I pressed my ear against the creaky bedroom door, trying to make out the the short-winded breathing on the other end.

Poor Jacob.

Standing there for a moment, I wonder if he really wants me to come in, to see him in this state.

I knew he didn’t, he neverdid. Whenever I would check on him, it was him instantly hiding any hints of sadness. Wiping the tears away, sniffling, and quickly standing up to greet me. Wondering if he even knew of my presence, I decide it’s best I try yet again– even if I fail.

“Jacob…” I whisper from the doorway.

“(Y/N)!” He jumps up in shock; again quickly wiping the tears that fell from his eyes. “Hi! When did you get home?”

Though, that didn’t hide the lament that shone right through those chocolate brown orbs.

“Jacob, please.” I begged, walking over to the bed. I ushered for him to sit back down. “Please, let me be here for you.”

“What do you mean? I’m fin-”

“No, Jacob. You’re not fine.” I sigh. “You hide your feelings from me.
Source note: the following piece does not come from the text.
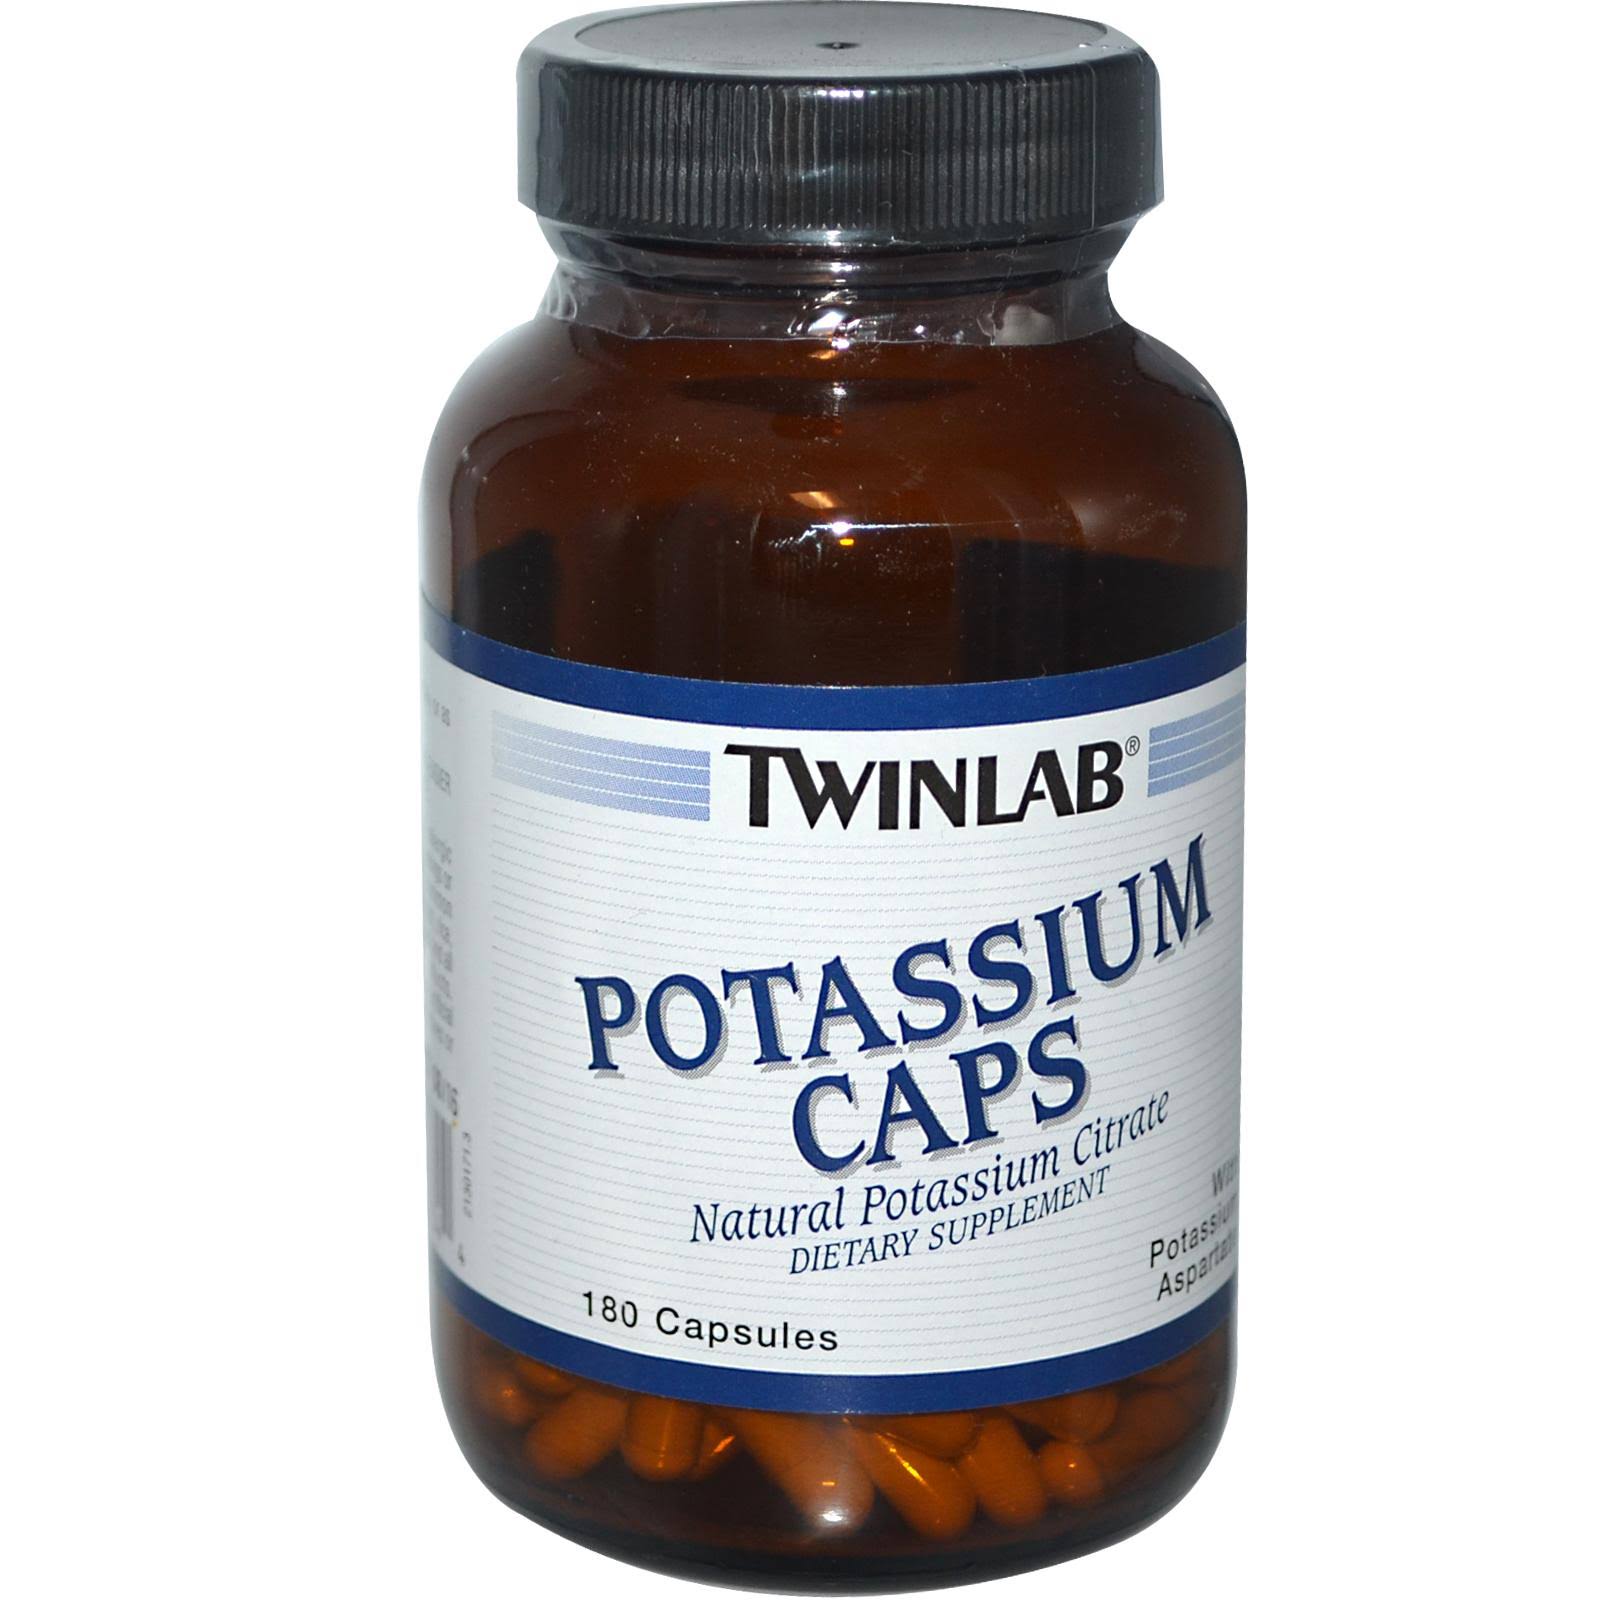 Twinlab Potassium Caps Dietary Supplement - 180 Capsules

It’s torture knowing that you’re suffering; suffering in silence.”

“(Y/N), I’m- I’m ok-” His breathing cuts his sentence off, his eyes filling to the brim with tears.

“Please.” I whisper, placing my hand over his own.
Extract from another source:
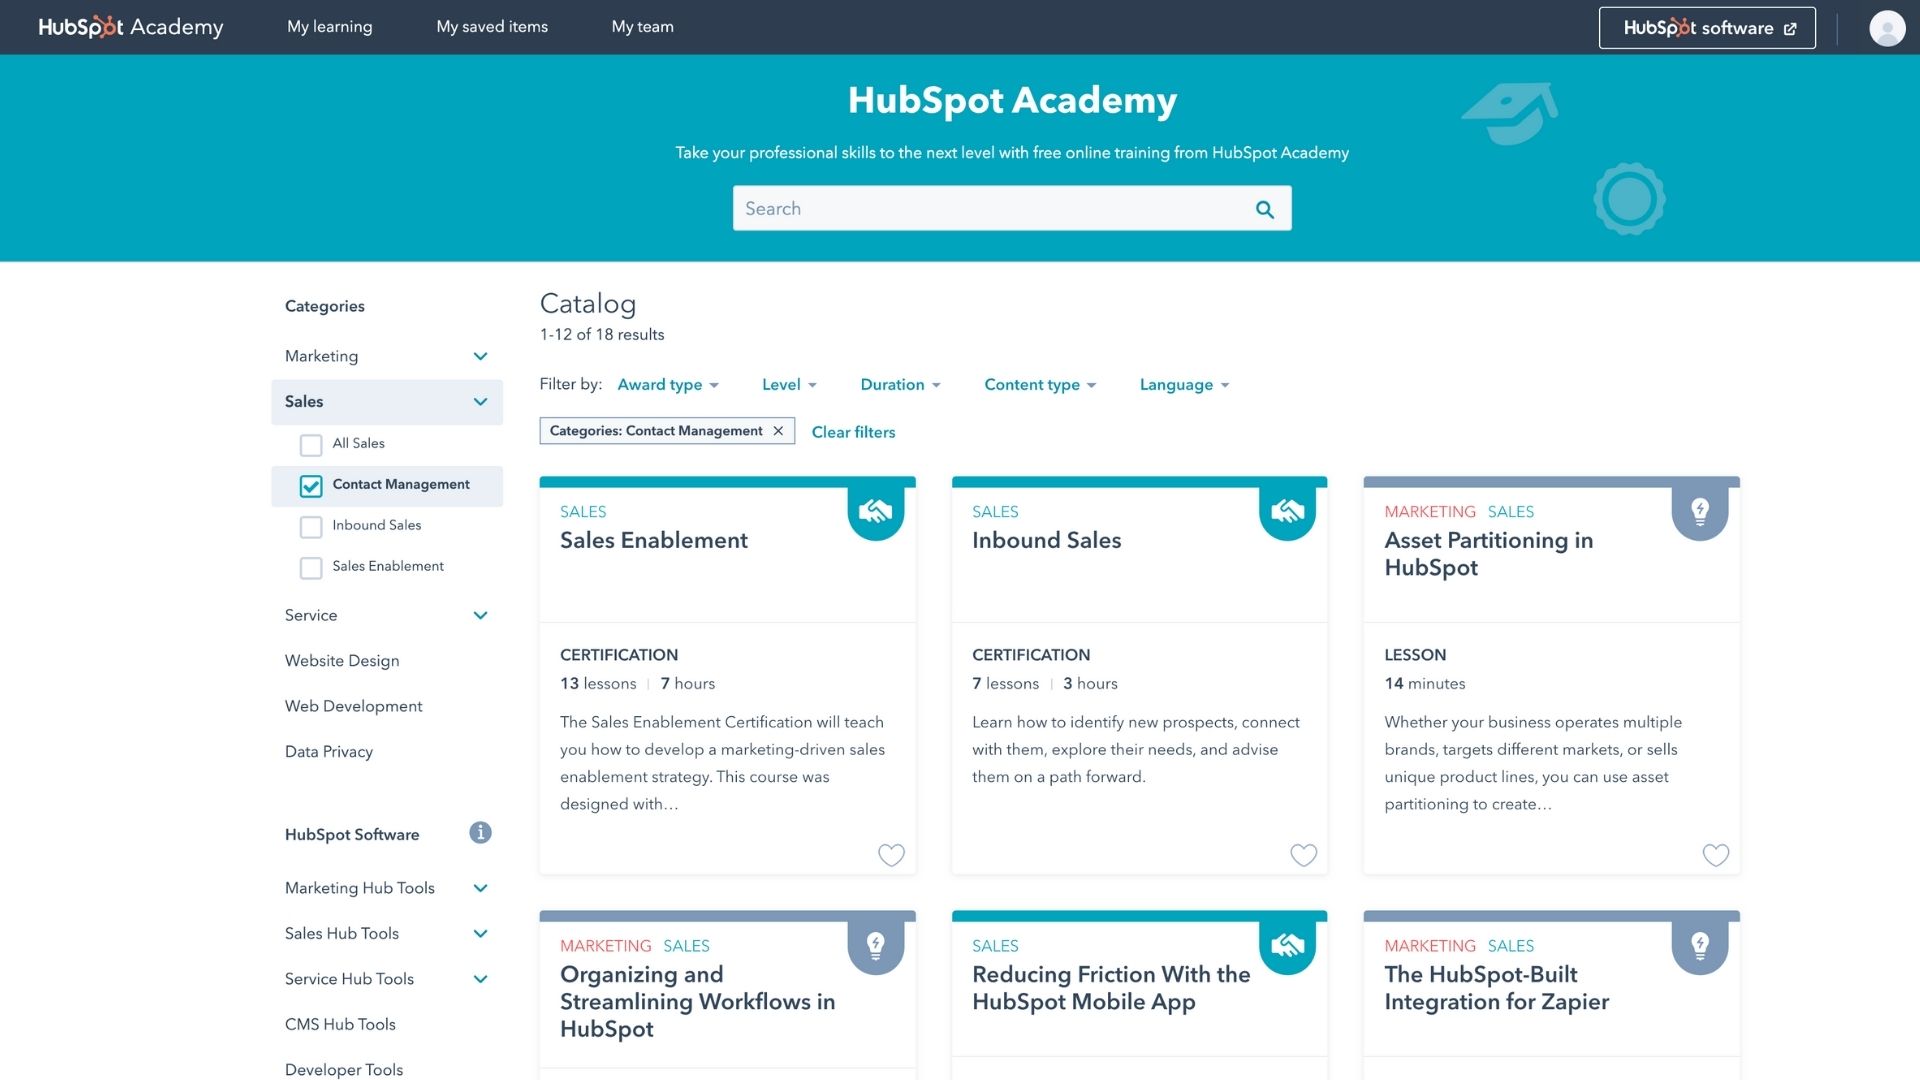 The HubSpot Academy

His sobs returned once again, uncontrollable breathing racking through his body as he laid his head on my chest. His arms crushingly tight around my body.

“I just, I don’t want to be this way.” He whimpers.

“What do you mean, Jake?”

“I’m a monster, (Y/N). Don’t pretend you don’t know.”

“Jake, you are nota monster. You’re everything good in this world.” I soothe, slightly scratching his scalp.

“No, I’m not.” He huffs, pulling away to look into my eyes. “I can’t give you a normal life, a normal life that you deserve. At least, not for a very long time.”

“You give me everything I could ever want and more.”

“No, you deserve a safe and normal life. A life where your boyfriend doesn’t fight off vampires. A life without worrying about if something will happen to you. You des-”

“Stop, Jacob. Stop it right now.” I look at him sternly. “You protect me, you protect everyone. You do more for me than I could ever ask. You make me feel safer than anyone else ever could.”

“I shouldn’t have to. You don’t seem to understand.” Jacob’s eyes close as he lets out a large sigh.

“I don’t understand what?”

“You don’t understand that I just wish things were normal for you. For us, for me.” His eyes meet mine once again. “I just want to live a normal life, I want to go back to how things were. When I didn’t have to worry all the time, when I didn’t have to patrol for vampires. When I didn’t have to worry about what would happen if I messed up.”

“You’re right.” I rib small circles into the back of his hand, meeting his gaze. “I’ll never understand the sacrifice you’ve made. I’ll never understand how you feel. But I can empathize, Jacob.”

“Thank you.” He whispers, pulling me into a tight hug. “I love you.” His hot tears leave a trail down my back as he buried his face in the crook of my neck.

“I love you, Jacob. I’m always going to be here for you.” I promise. “Please, talk to me more. Please don’t suffer in silence.”